By Mill Chart
Last update: Sep 26, 2025
Investors looking for companies that mix solid growth prospects with fair prices frequently use Growth At Reasonable Price (GARP) methods. This method tries to find businesses that are growing at a good pace but are not valued at very high levels, possibly providing a mix of opportunity and risk. One way to find these opportunities is by using a structured filter of basic financial measures, concentrating on good growth, acceptable profitability, sufficient financial stability, and a price that does not seem too high. CBRE Group Inc - A (NYSE:CBRE) recently appeared from this "Affordable Growth" filter, indicating it could deserve more attention from investors using this approach.
The main idea of a GARP method is finding companies with a good growth narrative, and CBRE's basic numbers show important momentum. A solid growth profile is necessary because it is the main source of future earnings and, as a result, stock price increases. CBRE's growth measures are clearly notable, receiving a ChartMill Growth Rating of 7 out of 10.
This mix of solid past growth and a positive future projection places CBRE as a company with real growth possibility, a main requirement for an affordable growth candidate.
While growth is important, paying a fair price for that growth is what describes the GARP method. An overpriced stock can cancel out the advantages of even the most solid growth story. CBRE's valuation shows a varied but finally acceptable situation, shown in its ChartMill Valuation Rating of 5. When measured against its industry competitors, the stock seems priced well.
Even though the absolute P/E ratio might look high to some value investors, its relative discount to the industry and the market, together with the company's growth rate, implies the valuation is not too high.
A lasting growth story needs a profitable business plan and a steady financial base.
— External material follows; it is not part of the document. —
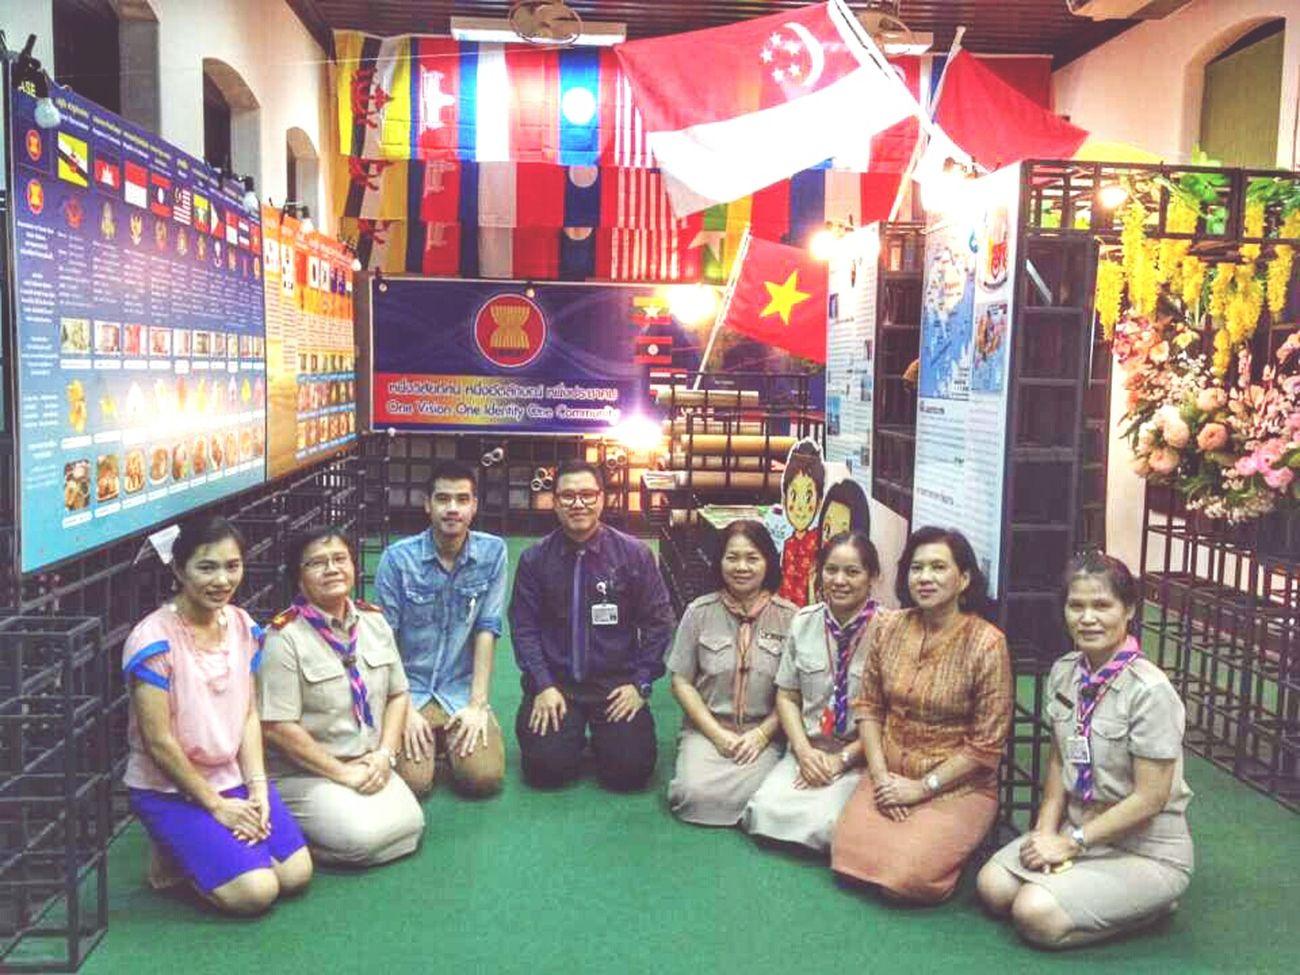 ประเทศไทยจะพร้อมเข้าสู่ประชามอาเซียนภายในปีนี้หรือไม่ก็ไม่อาจรู้ แต่ศูนย์อาเซียนศึกษาพร้อมให้ความรู้กับนักเรียนเสมอ
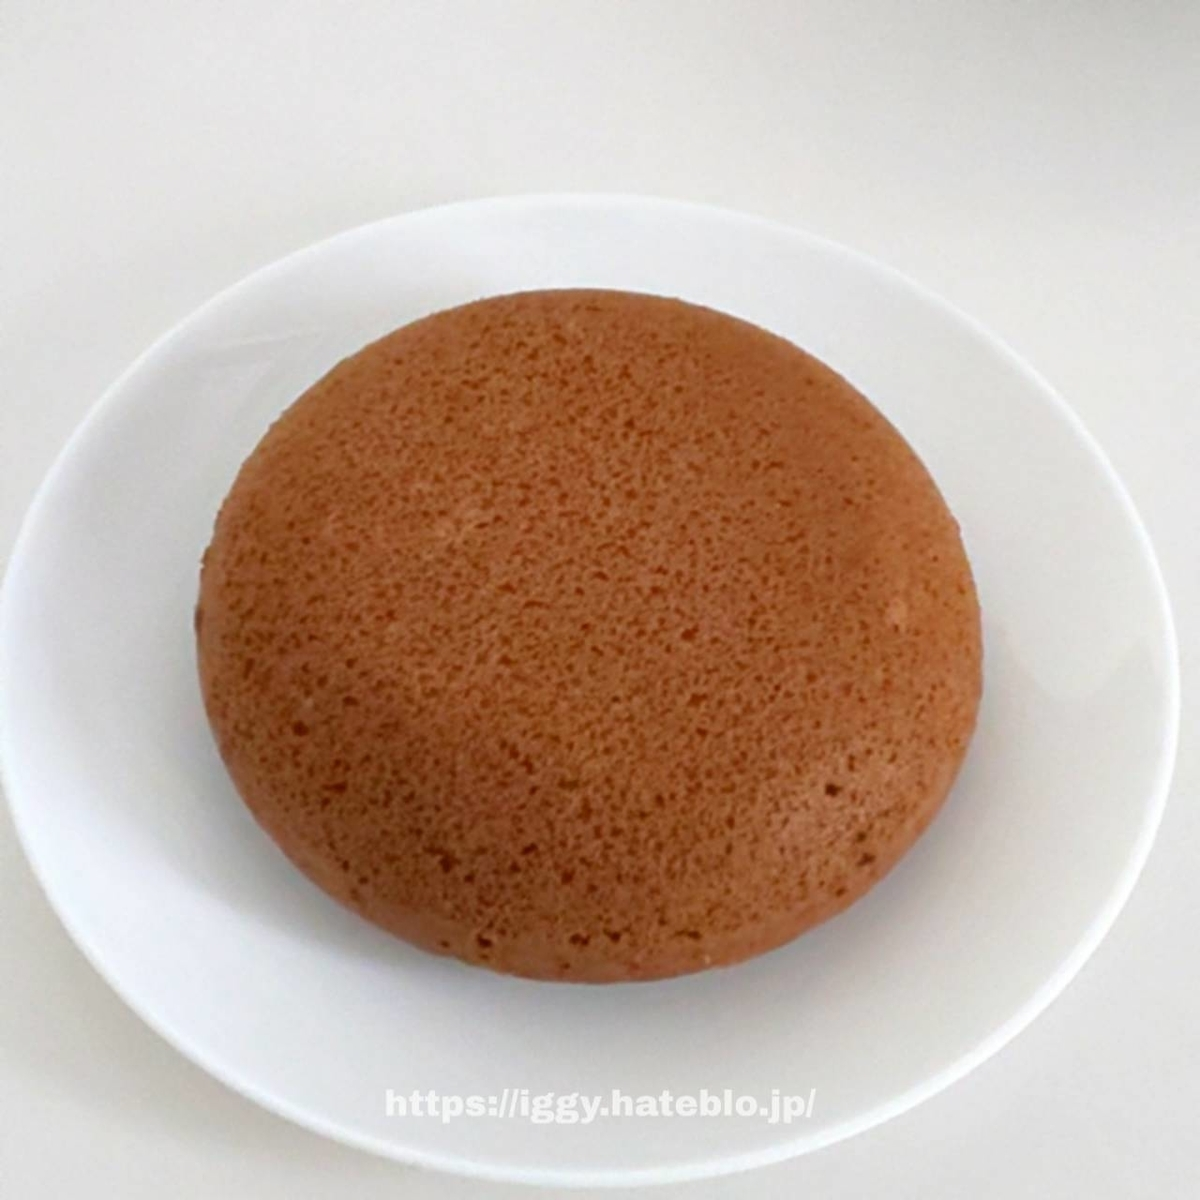 炊飯器 ホットケーキミックス おやつ コーヒー① iggy2019

These elements reduce risk and make sure the company can pay for its growth. CBRE displays ability in these areas, with a Profitability Rating of 6 and a Financial Health Rating of 5.
The company's profitability is backed by returns that are competitive in its sector. Its Return on Equity (ROE) of 13.21% and Return on Invested Capital (ROIC) of 6.77% do better than a large portion of its industry competitors. However, investors should be aware that margins have experienced some recent squeeze, pointing to an area to watch carefully. From a stability viewpoint, CBRE's Altman-Z score of 3.54 suggests a low short-term chance of financial trouble, although its liquidity ratios are a bit lower than the industry average.
CBRE Group makes a good case for thought in a GARP-focused portfolio. The company's very good growth path, both in the past and expected, is its most appealing characteristic. This growth is available at a valuation that, while not cheap, is acceptable compared to its industry and is supported by sufficient profitability and financial stability. The mix of these factors—solid growth, a workable valuation, and acceptable basic fundamentals—fits well with the goal of finding affordable growth opportunities.
For investors curious about finding other companies that fit similar standards, this Affordable Growth filter can offer a beginning for more investigation. A more detailed basic analysis of CBRE is available in its full basic report.
Disclaimer: This article is for informational purposes only and does not constitute financial advice, a recommendation to buy, sell, or hold any security, or an endorsement of any investment strategy. All investments involve risk, including the possible loss of principal. Readers should conduct their own research and consult with a qualified financial advisor before making any investment decisions.